Helen Cairns was considered a daydreamer at school. She excelled in things she loved but when a subject didn’t hold her interest, she gave it very little attention.
“My school reports always said I needed to apply myself more,” said Helen. “The feeling was that I must work harder – and concentrate.”
That was more than 30 years ago. Yet even now, Helen struggles to find the motivation to do the mundane tasks that don’t excite her.
Earlier this year, at the age 40, she was diagnosed with inattentive attention deficit hyperactivity disorder (ADHD).
“ADHD didn’t really exist when I was a child. It wasn’t something people knew very much about,” she said.
“When you’re older, it’s so much harder to get a diagnosis, but when you finally do, it’s like your whole life starts to make sense.”
A late diagnosis can have a negative impact on relationships and careers, as well as increase the risk of mental-health problems.
Recently psychologists have suggested that gender bias is leaving many women with ADHD undiagnosed.
Clinical and forensic psychologist Dr Susan Young says the bias starts in childhood, with boys up to four times more likely to be diagnosed. ADHD is a neurodevelopmental condition that comes in three types: inattentive, hyperactive/impulsive, or a combination.
Females often learn to “camouflage” their symptoms. They may be viewed as having anxiety or depression.
This scenario rings true with Helen who says, looking back, she was displaying symptoms of ADHD in her early childhood.
“ADHD didn’t exist when I was at school,” said Helen, who grew up in Dundee. “There was a boy who was eventually diagnosed but his mum had to take him to America to get the diagnosis.
“At that time, it was really only thought to affect boys.

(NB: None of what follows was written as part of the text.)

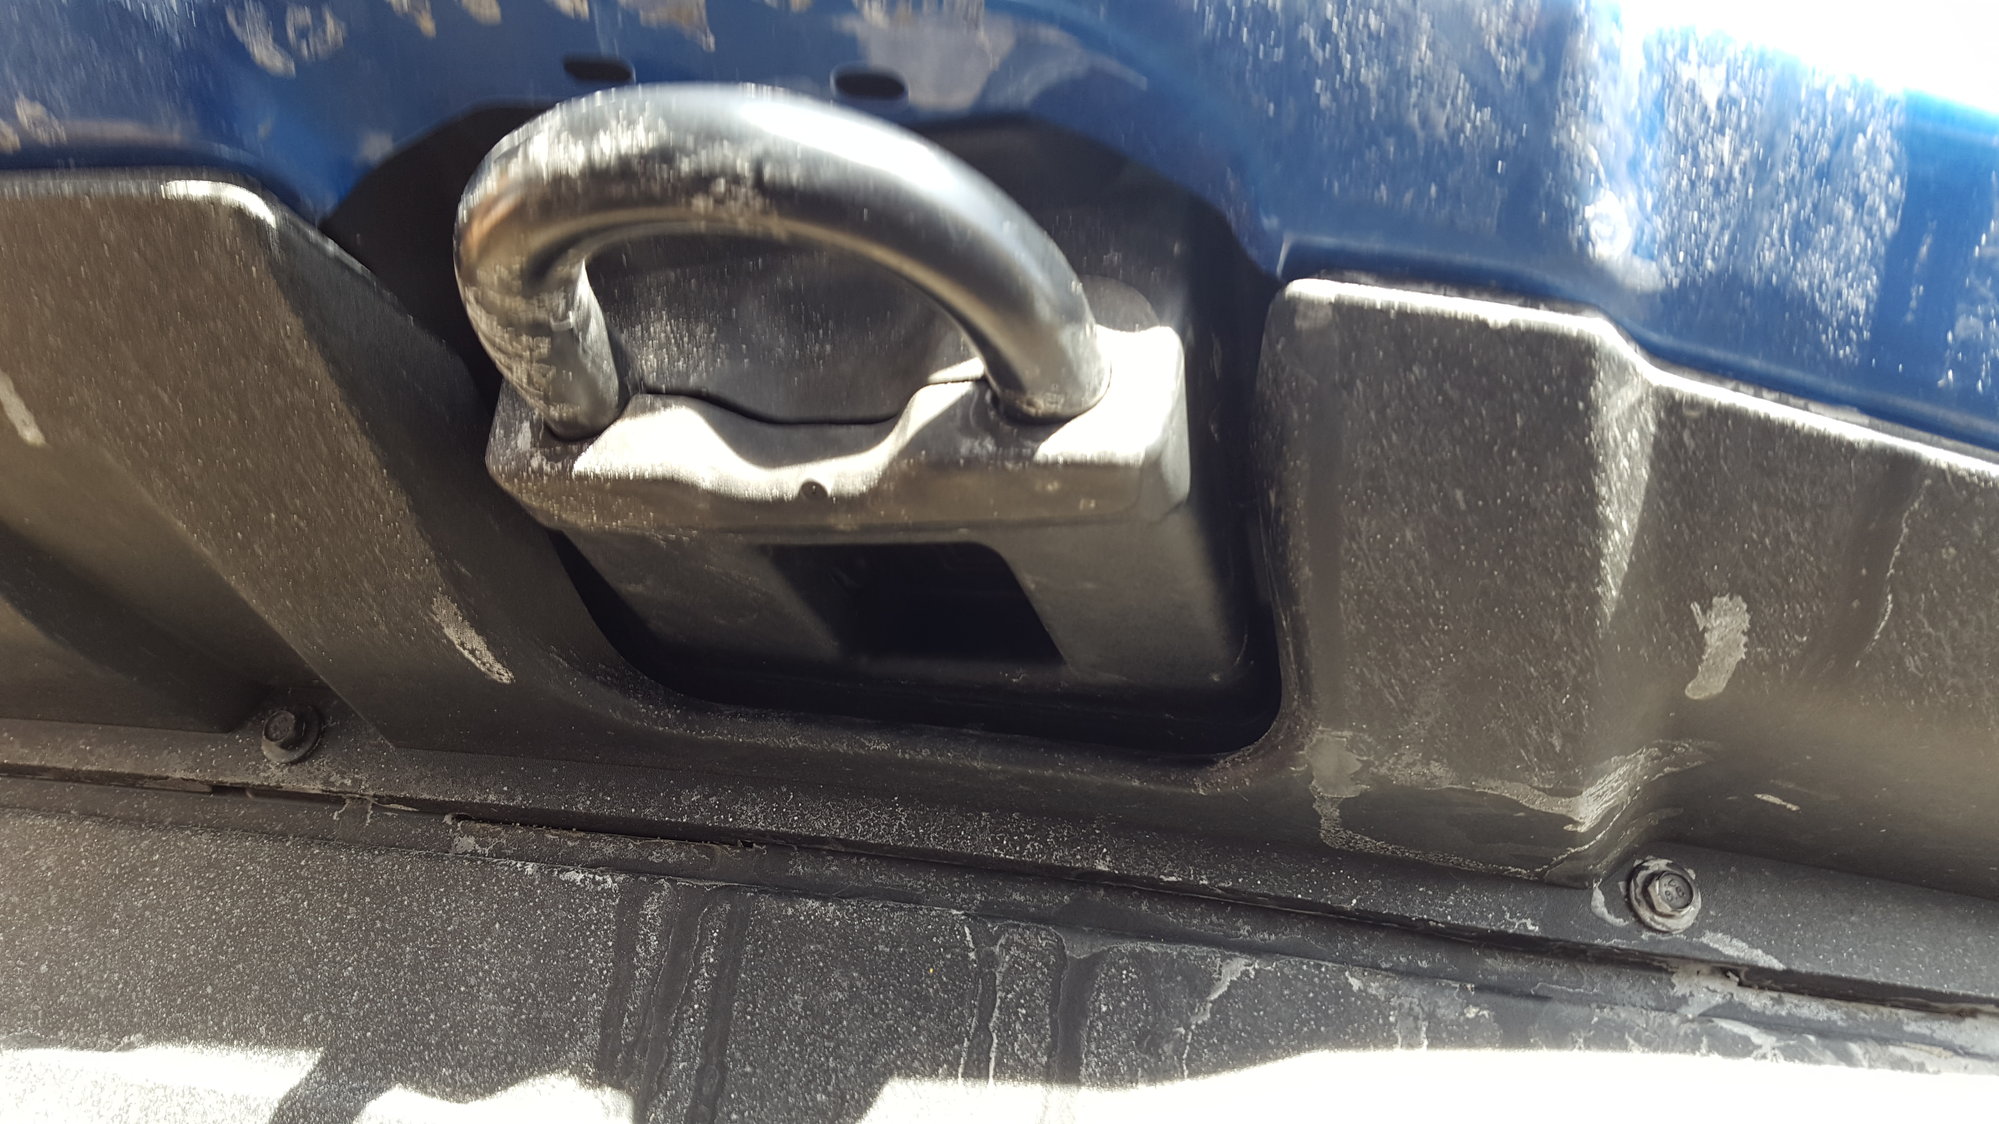 Tow Hook Cover Removal - Ford F150 Forum - Community of Ford Truck Fans

“I was really well behaved but had a lot of trouble with concentrating – and doing things I wasn’t interested in. That was a real problem.

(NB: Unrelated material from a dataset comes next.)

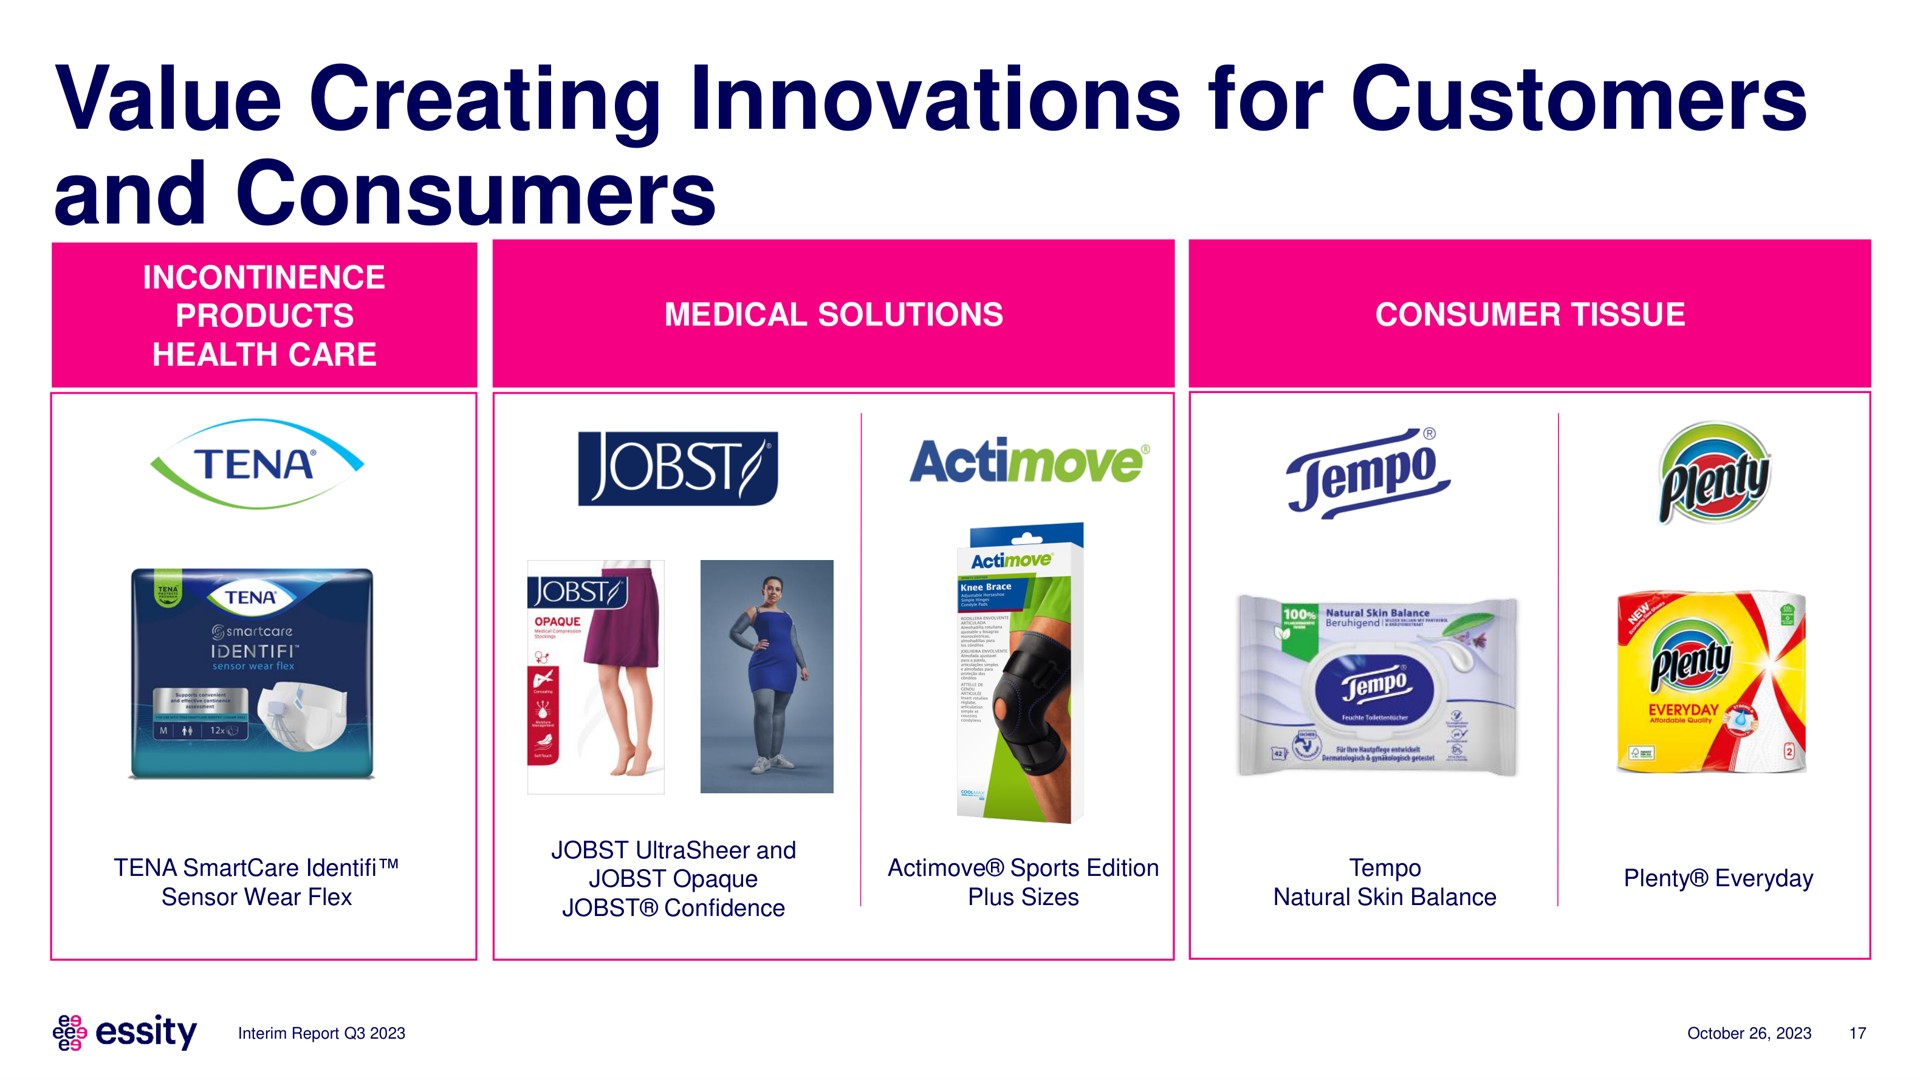 value creating innovations for customers and consumers | Essity

“I always remember people saying I needed to apply myself and knuckle down.
“If something interested me, I could have it done within seconds. If something excites me, I find it really easy. But if it doesn’t, it’s a long slog just to get started.
“I wasn’t a straight-As student, but I wasn’t that bad. I got Bs and Cs. My teachers thought I was lazy, that I wasn’t doing what I was capable of.
“As I went through life, I thought this is just how it is. Everyone else can run a home, keep their affairs in order, organise their lives. But these were the things I found difficult.
“When I moved into the world of work, I was usually the best employee the company had seen for the first three months when it was all new and exciting – but then things like the admin would build up, something that is almost impossible for me.
“It’s not about not wanting to do it, I know what needs to be done, but the urge to do it really isn’t there. It’s so hard to get that start.”
Helen, who now lives in London, was diagnosed with anxiety and depression. But two years ago she read an article written by a journalist friend with ADHD – and realised it mirrored her own experiences.
“I thought ‘that’s me’,” she said. “I had a real emotional reaction. It stayed with me and I read the article again. I realised these were all the same feelings I had and they might not actually be my fault.”
Helen eventually plucked up enough courage to speak to her GP.
“I worried the doctor would laugh at me, or say it was all in my head, that I was just lazy and needed to get a grip,” she said.
“It took a real moment of bravery to make the appointment – but I think realising there was help pushed me along.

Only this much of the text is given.